The personal records of almost 50,000 Australians working at several
government agencies and companies were left unsecured by a third-party
contractor in one of the country’s worst data breaches, according to a
report Thursday by iTnews.
Backup
databases of employee records including names, passwords, salaries and
some credit card numbers were accessible after the contractor
misconfigured an Amazon.com Inc. cloud storage product, according to the report. About 25,000 records from AMP Ltd., 17,000 records at Cimic Group Ltd. subsidiary UGL Ltd., 1,500 records at Rabobank and 4,770 records across Australian government departments were left vulnerable.
The
issue was spotted by a Polish security researcher, who alerted
authorities last month, according to the report, which said it was the
country’s second-largest breach after details of 550,000 blood donors were leaked last year.

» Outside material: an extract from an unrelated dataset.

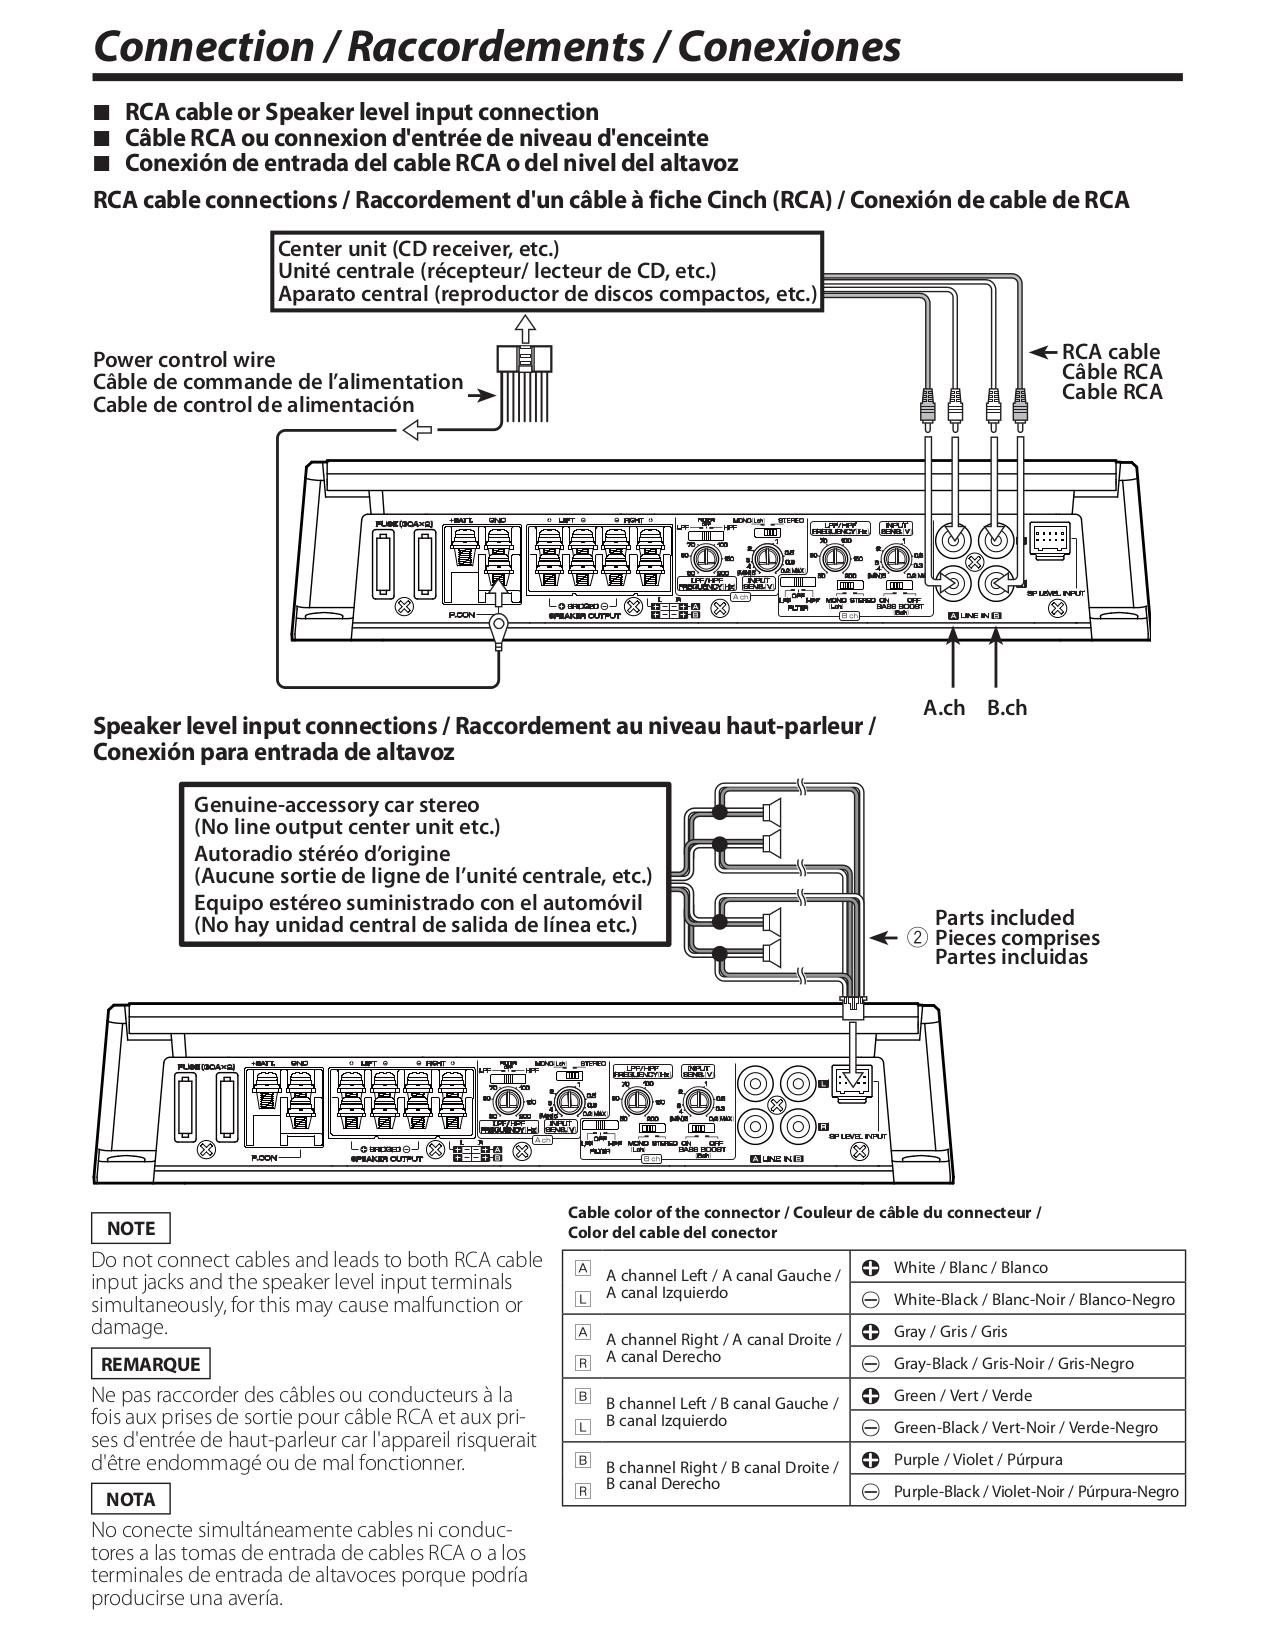 Kenwood Ddx 371 Car Stereo Wiring Harness Diagram Kenwood Original Wire Harness Ddx271 Ddx371 Ebay Kenwood Ddx 6019 Kvt 512 Kvt 514 Kvt 516 Wiring Harness Excellent Wiring Harness Diagram For Kenwood
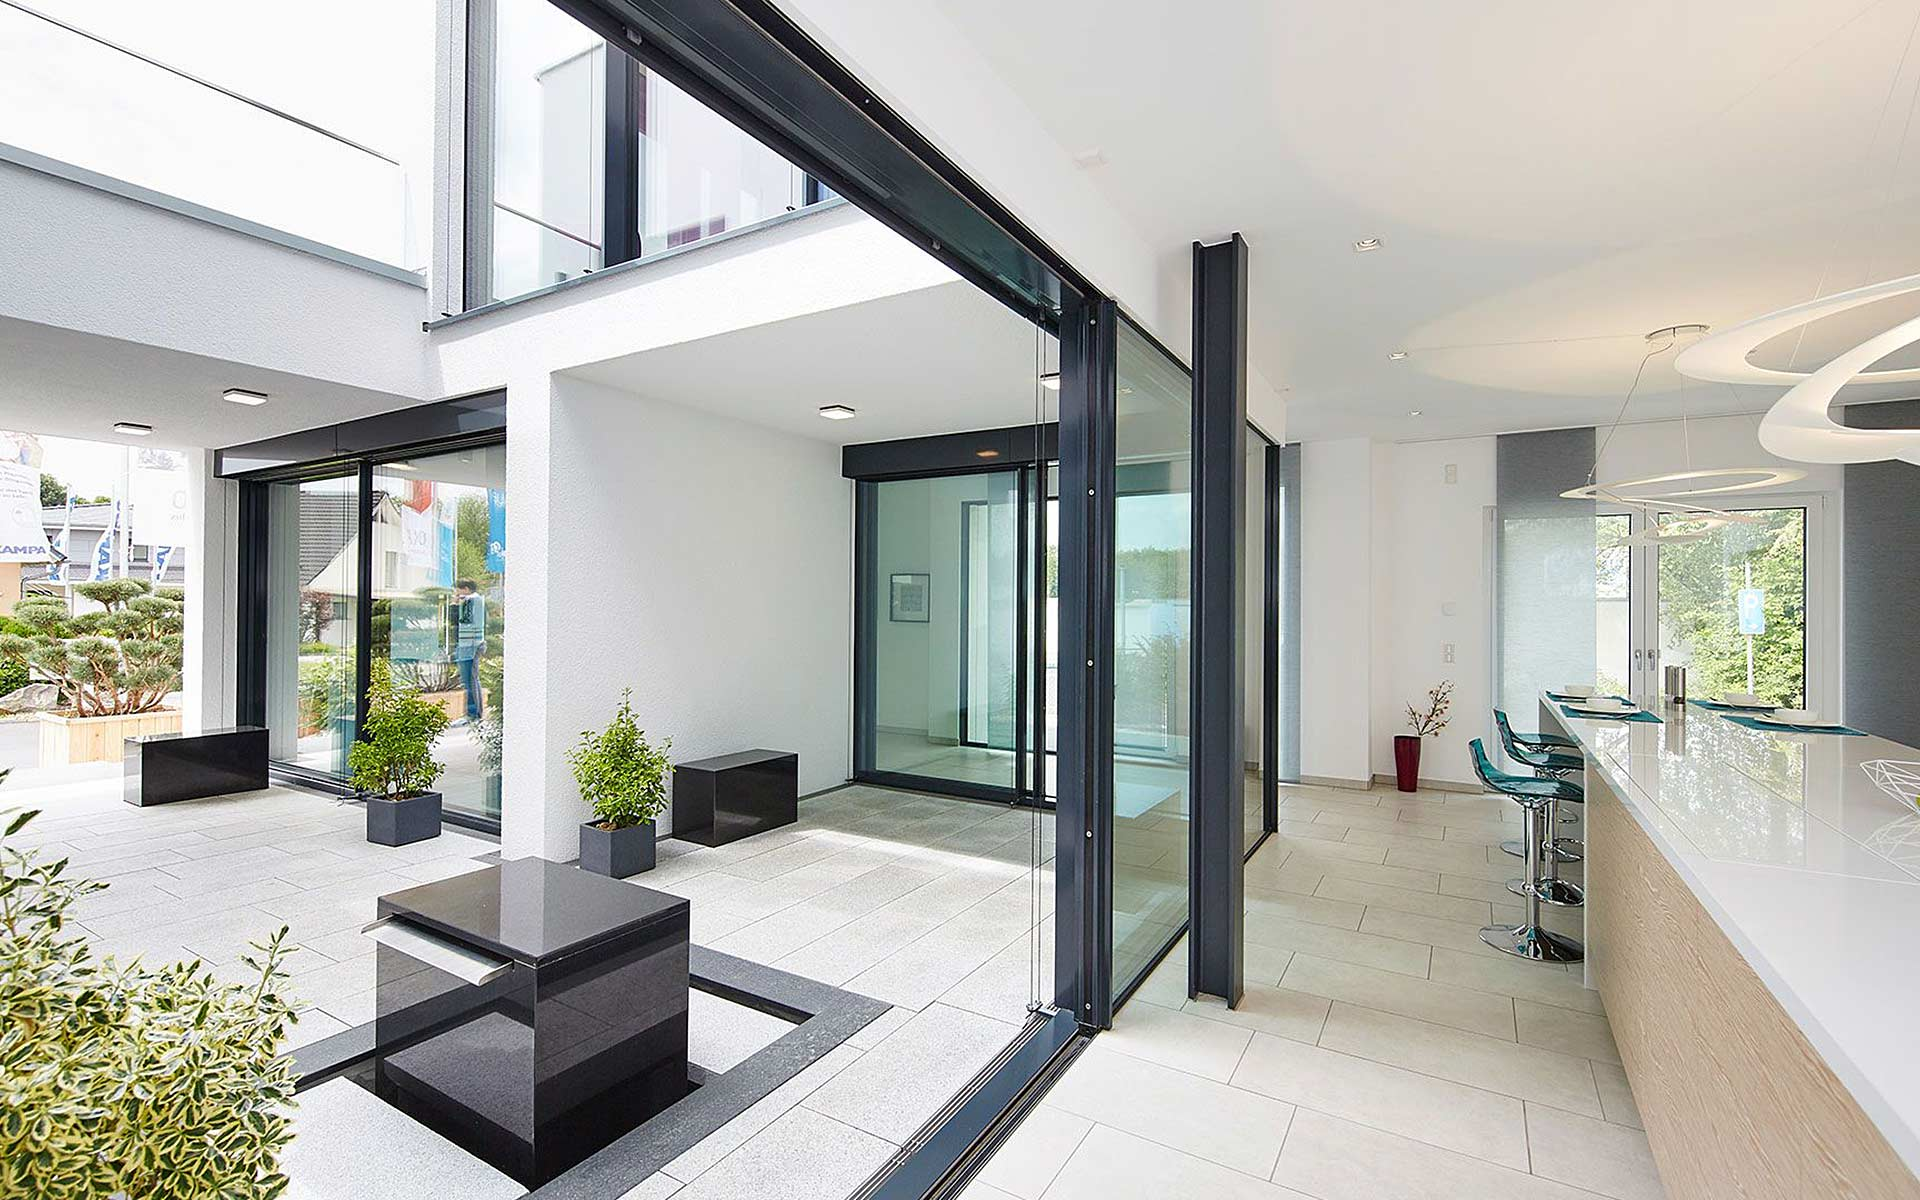 Musterhaus Bad Vilbel von OKAL Haus GmbH

The Department of Prime Minister and Cabinet, which
oversees a national cyber-security center set up in 2013 to support
businesses, didn’t immediately reply to a request for comment. No
customer data was affected and the “mistake” was quickly corrected, AMP
said in a statement. Rabobank said it was investigating the situation
and was unable to comment further. Cimic declined to comment.
Australia has experienced several high profile hacks or data breaches in the past couple of years. Almost 30 gigabytes of commercially sensitive information related to Australian naval vessels and warplanes was reportedly stolen
from a local defense contractor in July 2016. The nation’s weather
bureau was reportedly hacked in 2015.